The Buffalo Bisons, Cincinnati Stars, and Providence Grays had three tie games each. The Boston Red Caps, Chicago White Stockings, and Worcester Worcesters had two tie games each. The Cleveland Blues had one tie game.
- May 19, Providence Grays vs. Boston Red Caps, tied at 5.
- June 4, Chicago White Stockings vs. Providence Grays, tied at 1.
- July 3, Worcester Worcesters vs. Cleveland Blues, tied at 4.
- August 26, Boston Red Caps vs. Buffalo Bisons, tied at 3.
- September 10, Cincinnati Stars vs. Buffalo Bisons, tied at 11.
- September 18, Cincinnati Stars vs. Chicago White Stockings, tied at 5.
- September 25, Buffalo Bisons vs. Cincinnati Stars, tied at 3.
- September 30, Providence Grays vs. Worcester Worcesters, tied at 14.

==Managerial changes==
===Off-season===

| Team | Former Manager | New Manager |
|---|---|---|
| Buffalo Bisons | John Clapp | Sam Crane |
| Chicago White Stockings | Silver Flint | Cap Anson |
| Cincinnati Reds | Cal McVey | Team folded |
| Providence Grays | George Wright | Mike McGeary |
| Syracuse Stars | Jimmy Macullar | Team folded |

===In-season===

| Team | Former Manager | New Manager |
| Providence Grays | Mike McGeary | John Ward |
| John Ward | Mike Dorgan |

==League leaders==
===National League===

Hitting leaders
| Stat | Player | Total |
|---|---|---|
| AVG | George Gore (CHI) | .360 |
| OPS | George Gore (CHI) | .862 |
| HR | Jim O'Rourke (BSN) Harry Stovey (WOR) | 6 |
| RBI | Cap Anson (CHI) | 74 |
| R | Abner Dalrymple (CHI) | 91 |
| H | Abner Dalrymple (CHI) | 126 |

Pitching leaders
| Stat | Player | Total |
|---|---|---|
| W | Jim McCormick (CLE) | 45 |
| L | Will White (CIN) | 42 |
| ERA | Tim Keefe (TRO) | 0.86 |
| K | Larry Corcoran (CHI) | 268 |
| IP | Jim McCormick (CLE) | 657.2 |
| SV | Lee Richmond (WOR) | 3 |
| WHIP | Tim Keefe (TRO) | 0.800 |

==Milestones==
===Pitchers===
====Perfect games====

- Lee Richmond (WOR):
  - Pitched the first perfect game in Major League history and the only in franchise history on June 12 against the Cleveland Blues. Richmond struck out five in the 1–0 victory. There was little discussion about the perfect game as the concept did not exist in 1880.
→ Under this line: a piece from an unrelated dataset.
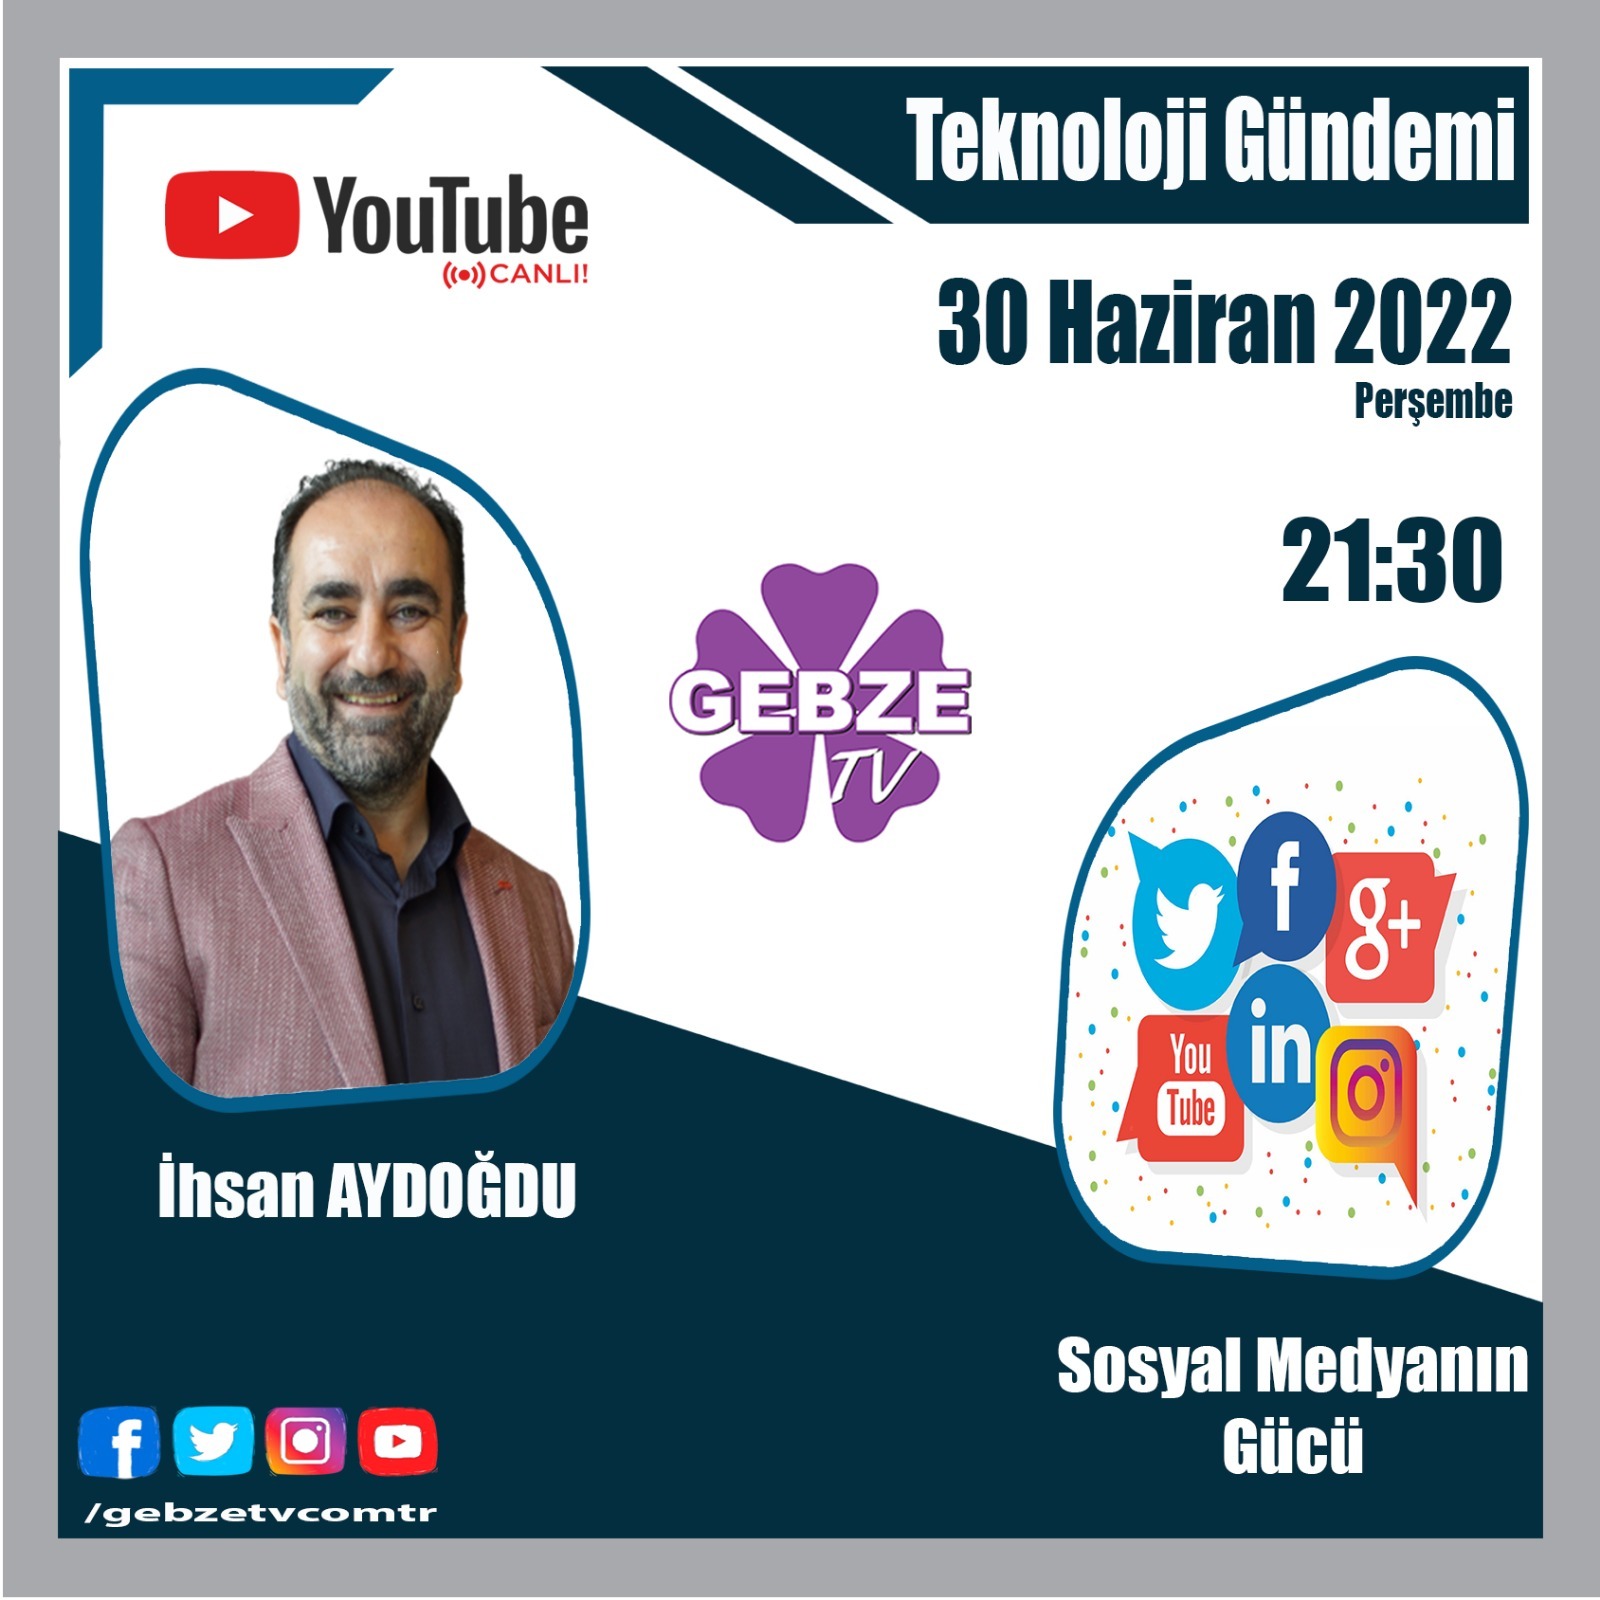 GEBZE TV - Teknoloji Gündemi / İhsan Aydoğdu - Sosyal Medyanın Gücü

- John Montgomery Ward (PRO):
  - Pitched the second perfect game in Major League history and the only in franchise history on June 17 against the Buffalo Bisons. Ward struck out two in the 5–0 victory. He is currently then only player-manager to have thrown a perfect game.

====No-hitters====

- Larry Corcoran (CHI):
  - Corcoran threw his first career no-hitter and the first no-hitter in franchise history, by defeating the Boston Red Caps 6–0 on August 19.
- Pud Galvin (BUF):
  - Galvin threw his first career no-hitter and the first no-hitter in franchise history, by defeating the Worcester Worcesters 1–0 on August 20.

===Miscellaneous===
- Chicago White Stockings:
  - Set a Major League record for largest winning streak, winning 21 games from June 2, and ending following their July 10 loss to the Cleveland Blues.

==Venues==
The National League saw two teams join for the 1880 season:
- The Cincinnati Stars played at the Bank Street Grounds.
- The Worcester Worcesters played at the Agricultural County Fair Grounds.

The Troy Trojans leave the Putnam Grounds (where they played their inaugural seasons) and move to the Haymakers' Grounds, where they would play for two seasons through .

The Troy Trojans begin to host a few games at Riverside Park in nearby Greenbush, New York, playing on September 11.